**WHAT IS BEING ASKED**
Everything in the listing should be set down exactly, apart from the pictures.

**DATA PROVIDED**

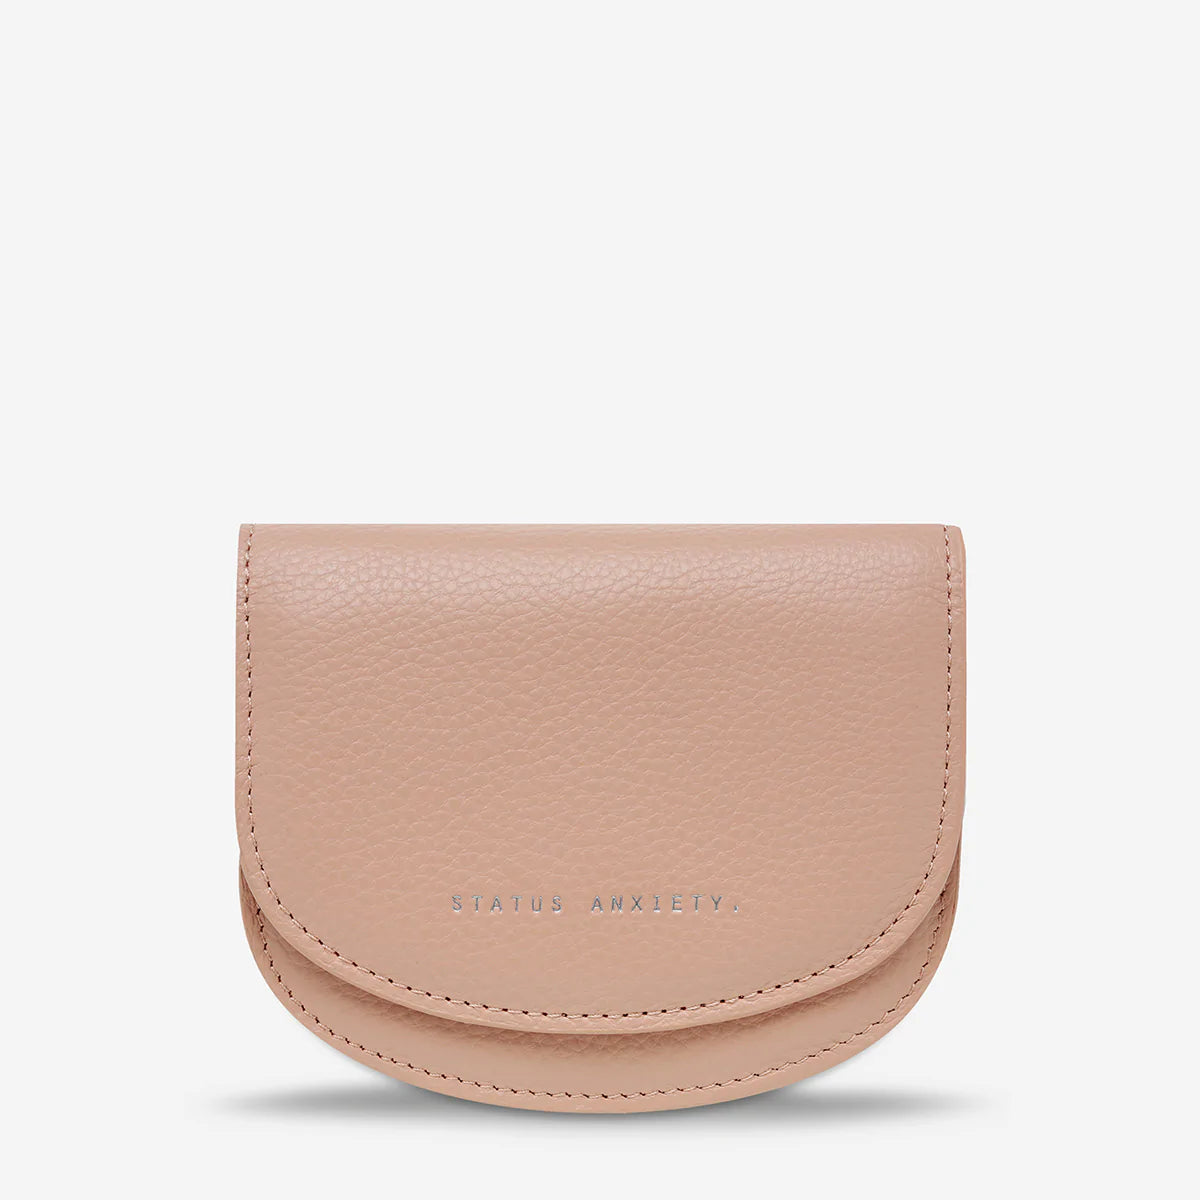 Status Anxiety | Us For Now Wallet - Found My Way Invercargill
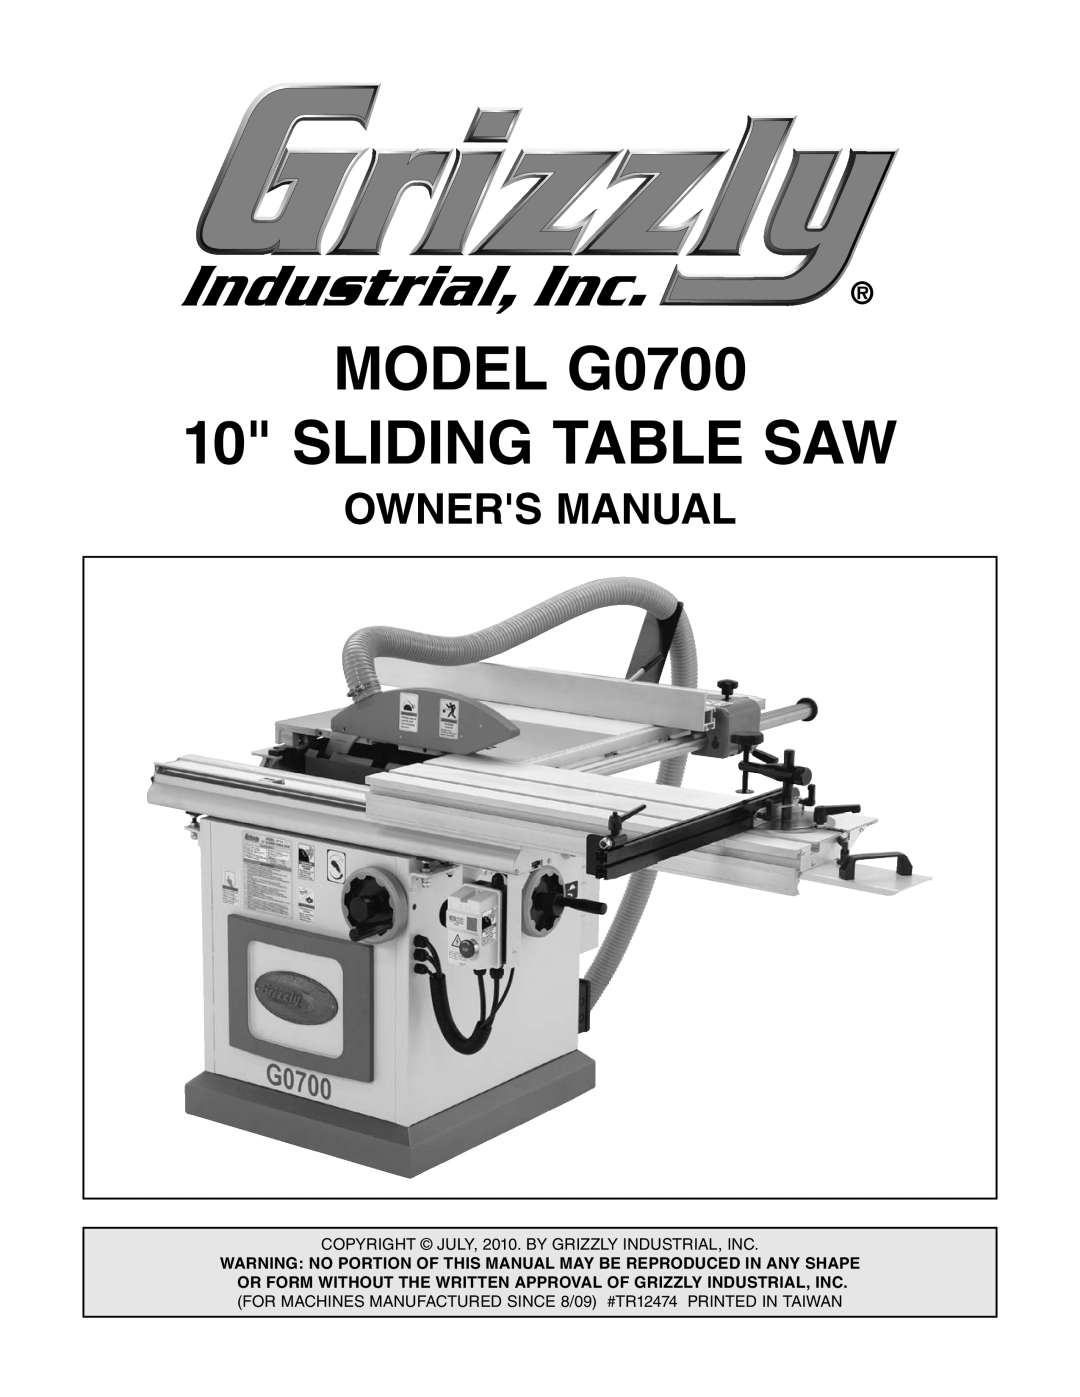 Grizzly owner manual OWNERS Manual, MODEL G0700 10 SLIDING TABLE SAW 
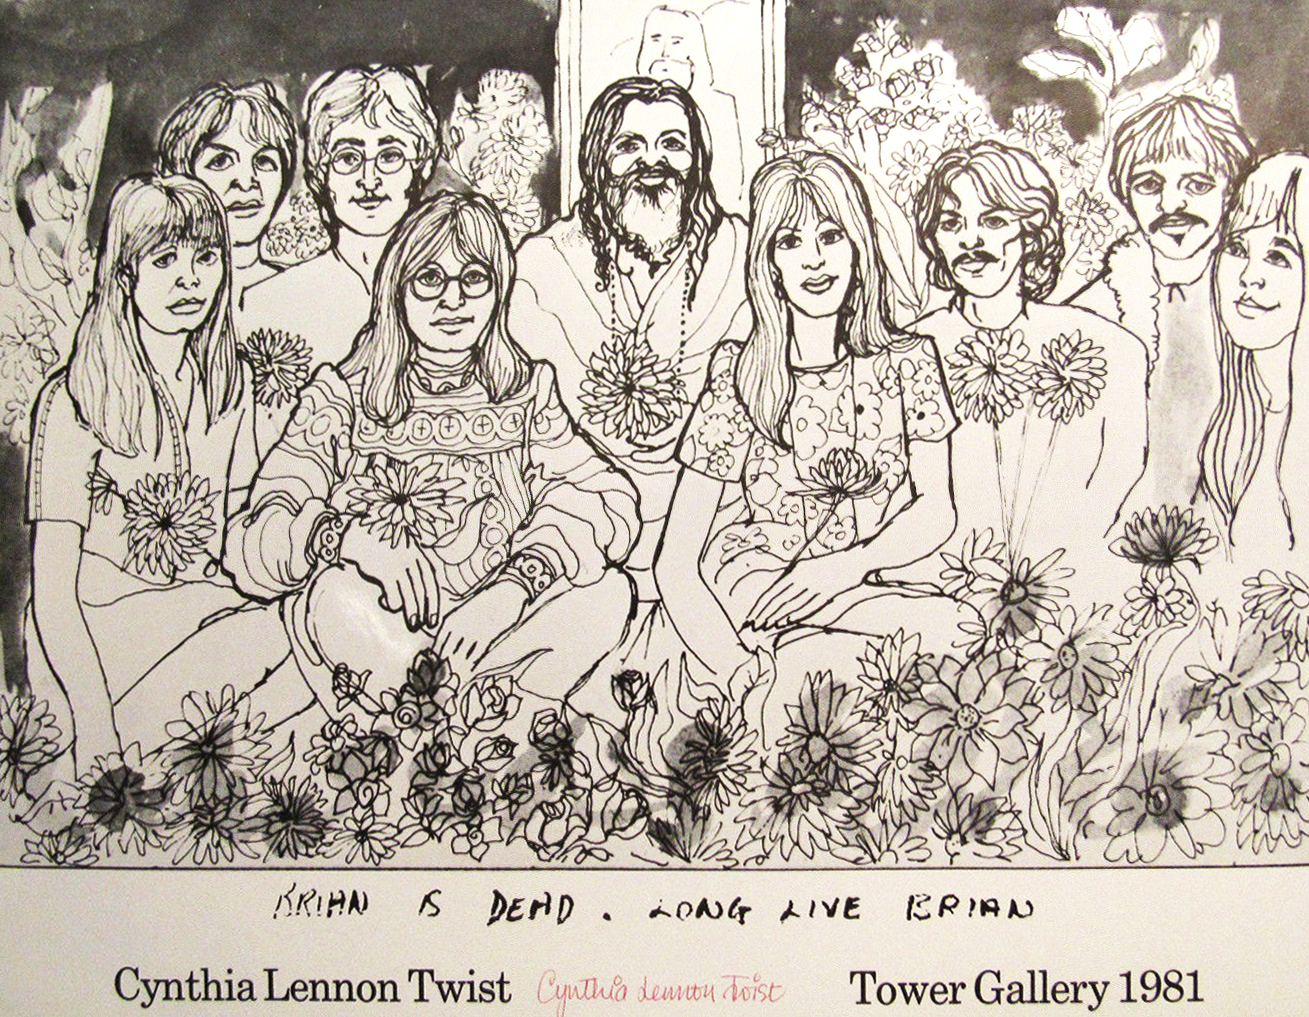 Drawing done by Cynthia of the gang in 1967.

**ANSWER BELOW**
 Status Anxiety | Us For Now Wallet - Found My Way Invercargill
 Grizzly owner manual OWNERS Manual, MODEL G0700 10 SLIDING TABLE SAW 
 Drawing done by Cynthia of the gang in 1967.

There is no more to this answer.